# Ulster;got tracker back but had moved home?



## Rosemary (12 Jun 2018)

I have a similar question Brendan, I bought as a first time buyer in 2005 with ulster bank. I was one who was on a tracker and as advised changed to a variable. Repayment went through the roof. 
Life moved on and my husband and 2 children moved to a better location but due to repayment on first house  and negative equality , we had to be somewhat cautious in our move and could not stretch to a bigger house. It then transpired that I was one who was replaced back on the tracker due to “ambiguous and confusing terminology” . This applied to my first house. Obviously this was great but it all happened after we bought our new humble home , mortgage is variable with kbc.
My question is can I transfer this tracker  from house 1 to my current home. I intend on selling  house 1 soon as it’s hard to make end meet with management company fees and tax etc. Value has risen on it . I’ll never meet what I paid for it but I’ll be doing better. 
Also if I have a leg to stand on who do I liaise with as dealing with different banks. I’m very keen to get clarity Brendan
Many thanks


----------



## Brendan Burgess (13 Jun 2018)

You added this question to what appears to be an unrelated thread which is confusing. I have moved it to its own thread.

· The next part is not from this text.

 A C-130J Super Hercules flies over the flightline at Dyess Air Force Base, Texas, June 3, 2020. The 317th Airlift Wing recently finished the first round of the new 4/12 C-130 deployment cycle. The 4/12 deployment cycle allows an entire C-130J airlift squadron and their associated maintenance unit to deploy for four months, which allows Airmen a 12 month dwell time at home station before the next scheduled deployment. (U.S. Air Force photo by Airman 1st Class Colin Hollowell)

Before answering, can I clarify what happened here.

1) You bought a family home with a tracker mortgage
2) You were moved to an SVR
3) You bought a new home with an SVR by KBC- what exact date did you do this? 
4) You kept your old house and rented it out
5) You have got the tracker back on what is now an investment property.

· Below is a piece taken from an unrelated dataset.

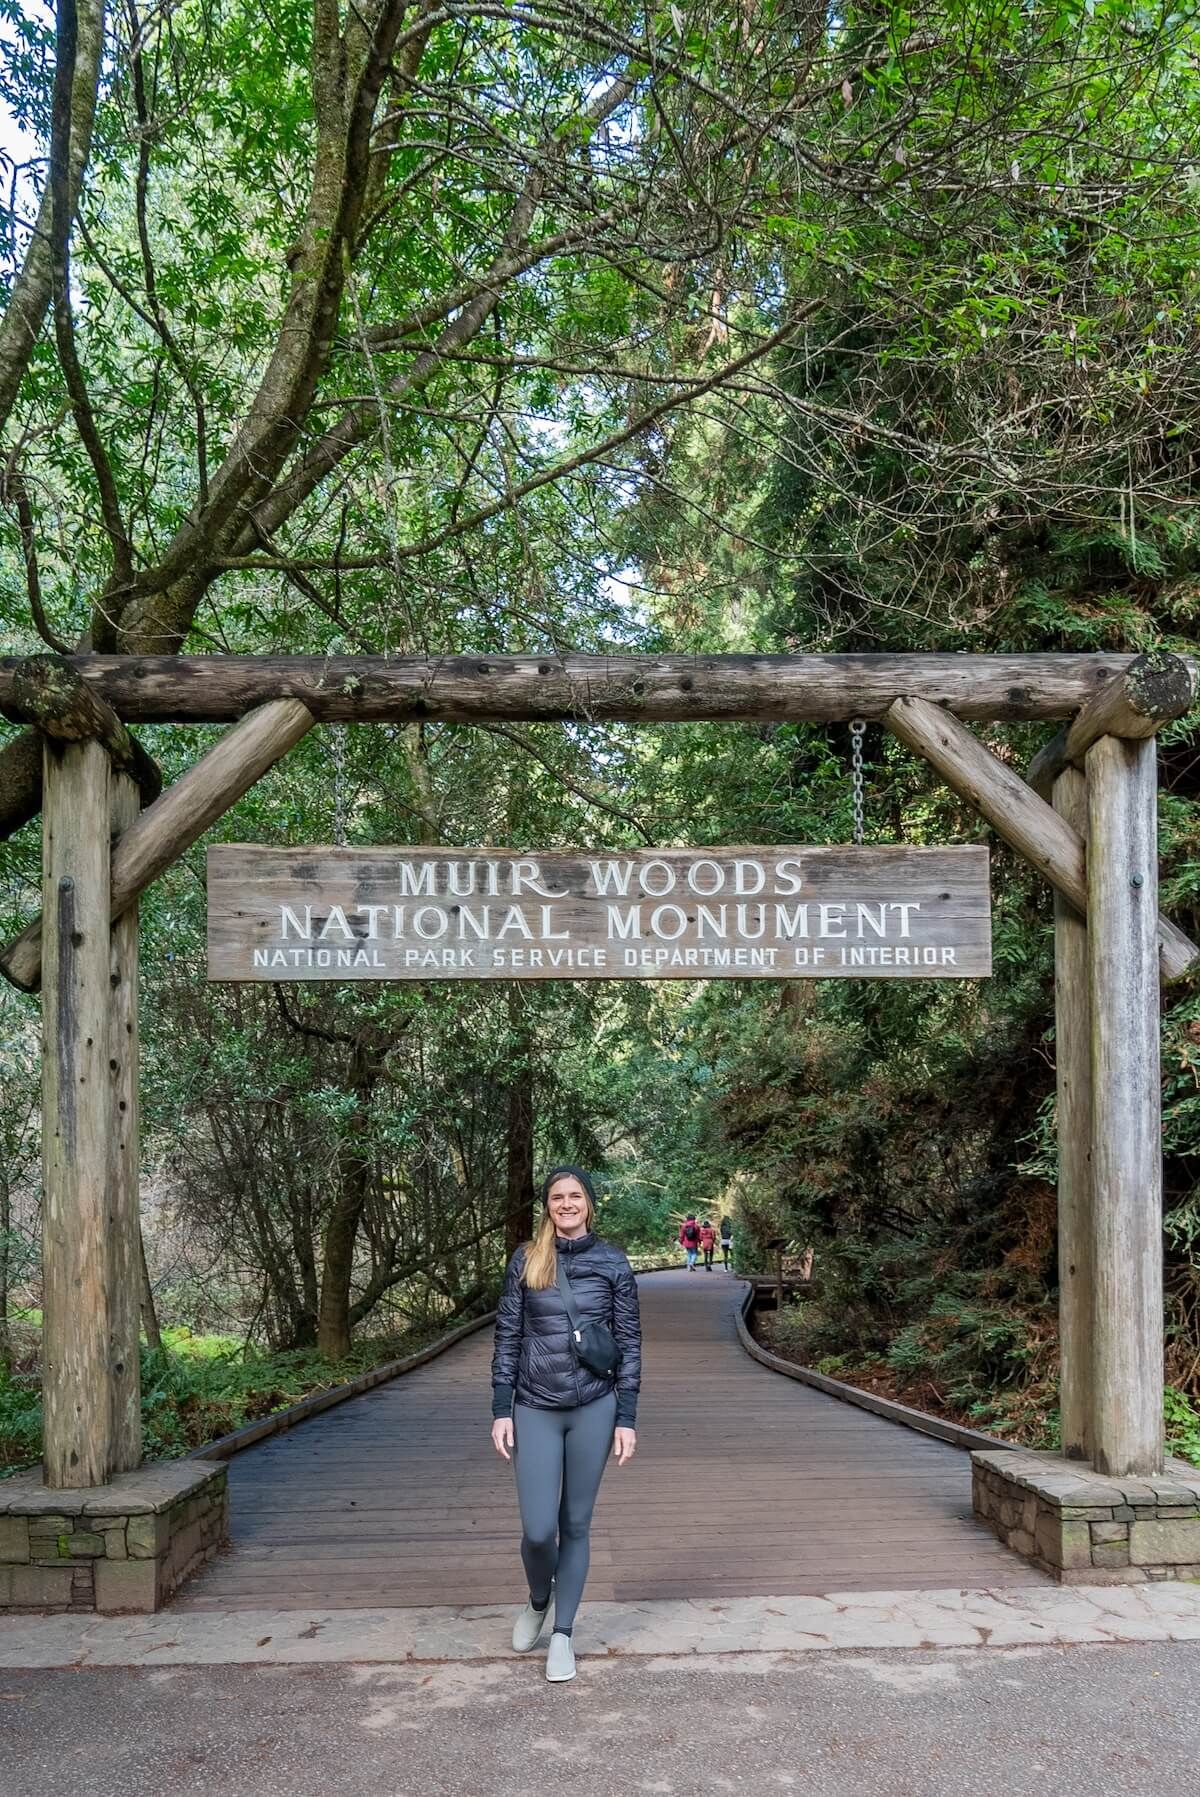 A woman stands under a wooden sign marking the entrance to Muir Woods National Monument, smiling at the camera.

What is the balance outstanding on your Ulster Bank mortgage and what is the tracker rate you are now being charged?


Brendan


----------



## Rosemary (13 Jun 2018)

Thank you. So all of the above is correct. To answer you queries. 
I have 160,000 euro mortgage  left on rental house with tracker at 1.05% with ulster.Mortgage on new home commenced May 2016 with kbc. 

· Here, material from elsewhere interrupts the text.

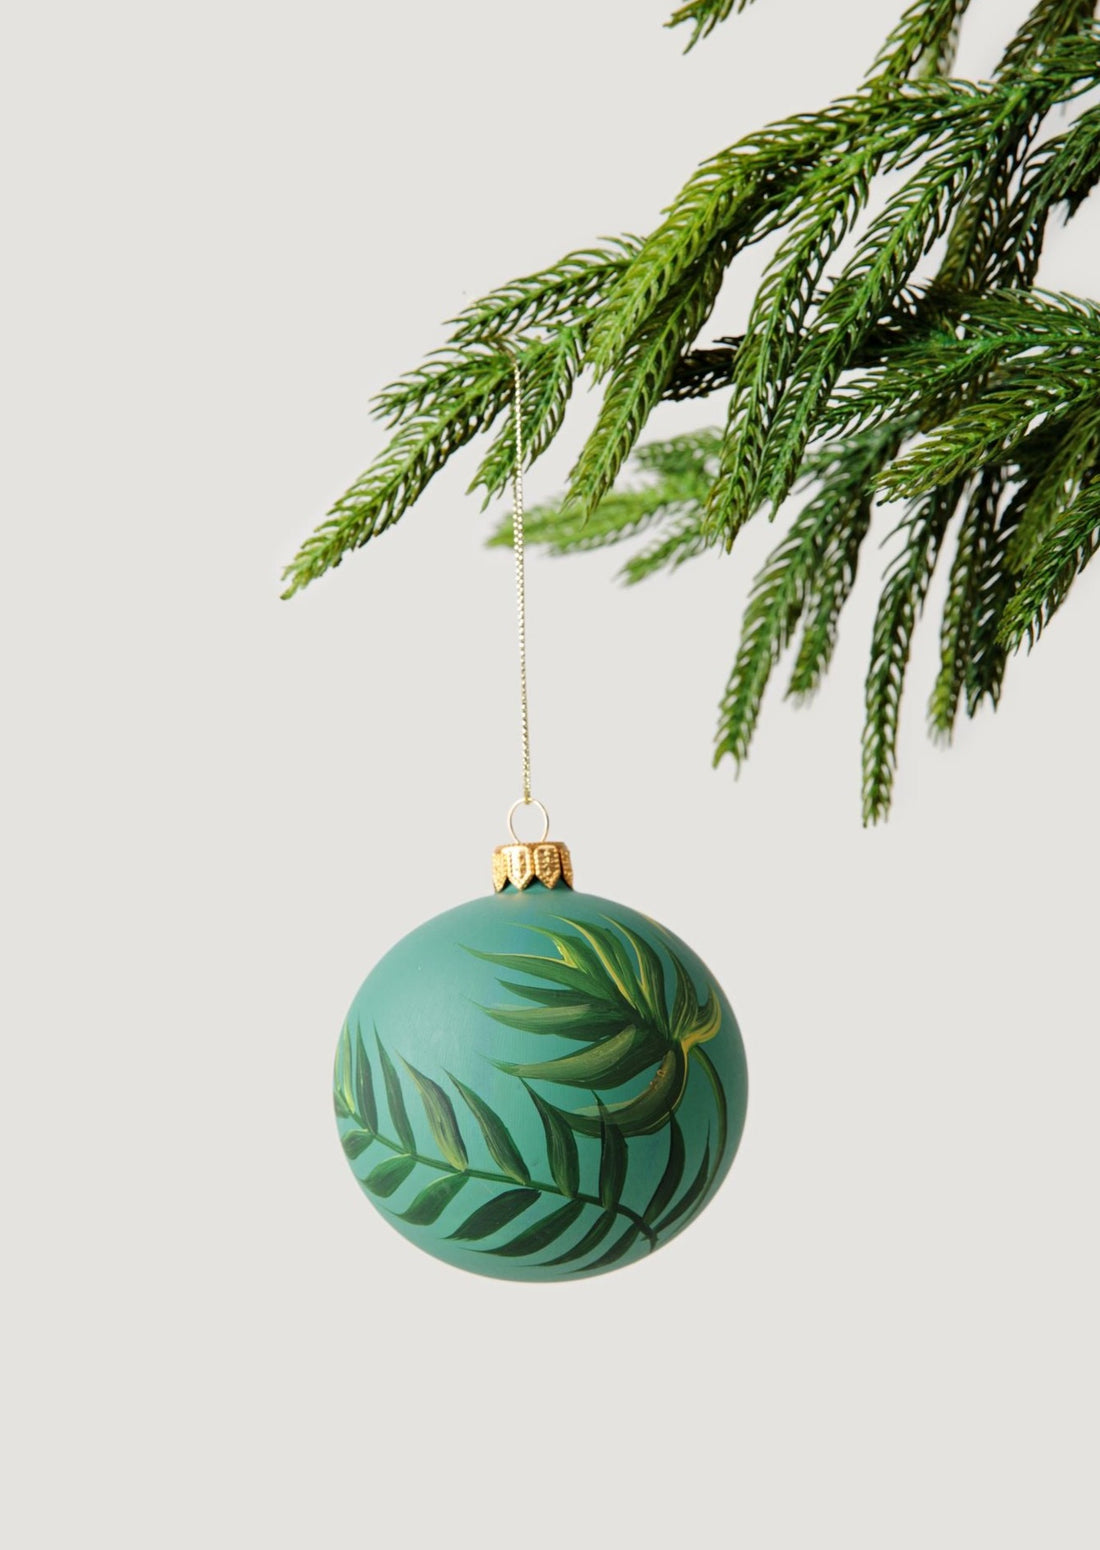 Green Palm Leaf Glass Christmas Ornament Shown on Faux Pine Tree Branch

Again due to huge repayments on now rental , we were forced to buy new home house of similar size. If we were on tracker at the time we would have financially been able to look at a larger home. Instead we live in a semi d in a housing estate. 
Any advise or direction greatly appreciated. 
R


----------



## Brendan Burgess (13 Jun 2018)

This is very complicated. 



How much was your old home worth in May 2016 and how much did you pay for your new home?  If you had a tracker, how much would  you have spent on the new home? 

Brendan


----------



## Rosemary (14 Jun 2018)

Old house worth about 200k max in 2016. Bought in 2005 for 240k with extra 20k needed for  basics ie tiling, showers, floors, furniture of basic nature. 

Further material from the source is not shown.